WARNING: An NVIDIA kernel module 'nvidia-uvm' appears to be already loaded in your kernel.  This may be because it is in use (for example, by an X server, a CUDA program, or the NVIDIA Persistence Daemon), but this may also happen if your kernel was configured without support for module unloading.  Some of the sanity checks that nvidia-installer performs to detect potential installation problems are not possible while an NVIDIA kernel module is running.
-> Would you like to continue installation and skip the sanity checks? If not, please abort the installation, then close any programs which may be using the NVIDIA GPU(s), and attempt installation again. (Answer: Abort installation)
ERROR: Installation has failed.  Please see the file '/var/log/nvidia-installer.log' for details.  You may find suggestions on fixing installation problems in the README available on the Linux driver download page at www.nvidia.com.
root@frigate:/media/frigate#


The installer no longer recognises the`--no-kernel-module` flag. I cannot find anywhere in the installer a way to override this default abort answer to the sanity checks.. and it appears the installation folder is cleared when the install fails.. so i cannot run the command manually.
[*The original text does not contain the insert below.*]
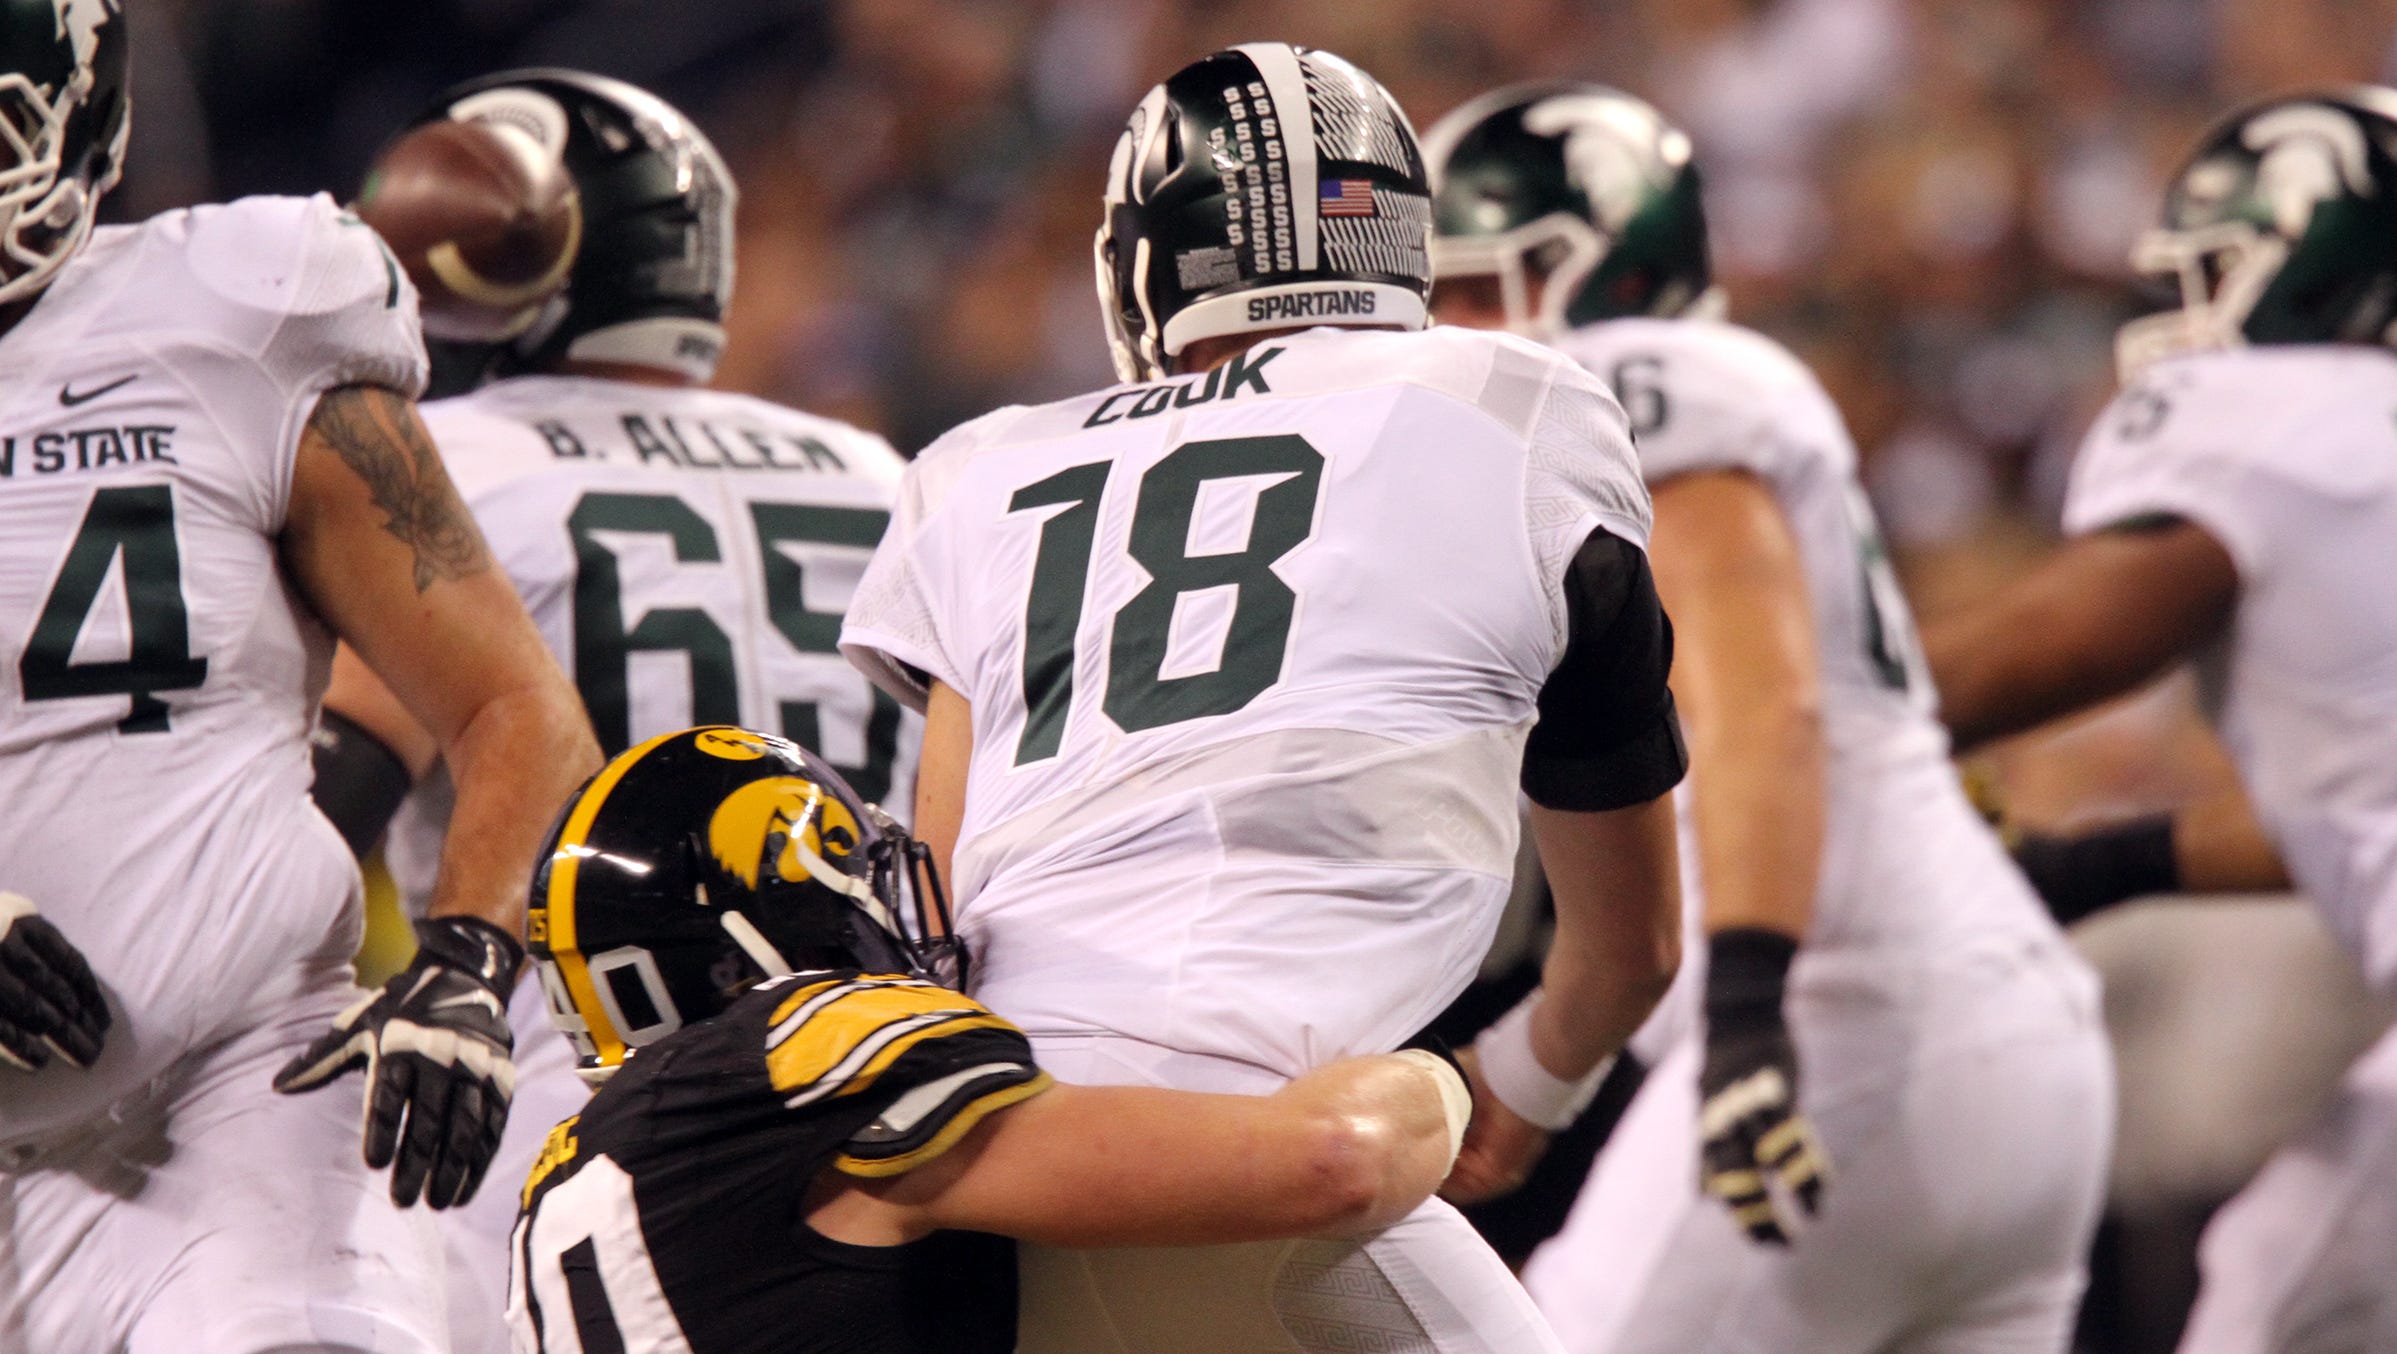 Iowa's Parker Hesse forces a fumble from Michigan State quarterback Connor Cook during the Big Ten Championship game at Lucas Oil Stadium in Indianapolis, Ind. on Saturday, Dec. 5, 2015.

Has anyone else worked around this?
 
Um, you can't install modules from inside a container.

ETA: Reason is that containers use the host's kernel. It would be a big security problem to allow containers to modify the host kernel. You must install any drivers/modules from the host side. Or use a VM, which has its own kernel.
 
Last edited:
I fully understand that you cannot instal modules in a container.

With CUDA 550 you could install the required drivers using '-no-kernal-modules' option which worked. In 560 even when you uncheck the kernel modules from the install and select driver only, it fails with the above message. there is no command line option to specify no-kernal-modules anymore.

I realise this is an NVIDIA issue... but im hoping that someone might have a solution here for proxmox LXC containers.
 
For what it's worth, I reinstalled 550 on the host and it's all working fine again. It seems NVIDIAs packaging has changed from 550 to 560 versions, and there is an added layer of application that means you can't force install a driver..
 
Is there an update on this? I'm always installing Nvidia drivers on the host and the container, and I've been on 550.x and thinking about moving to later versions.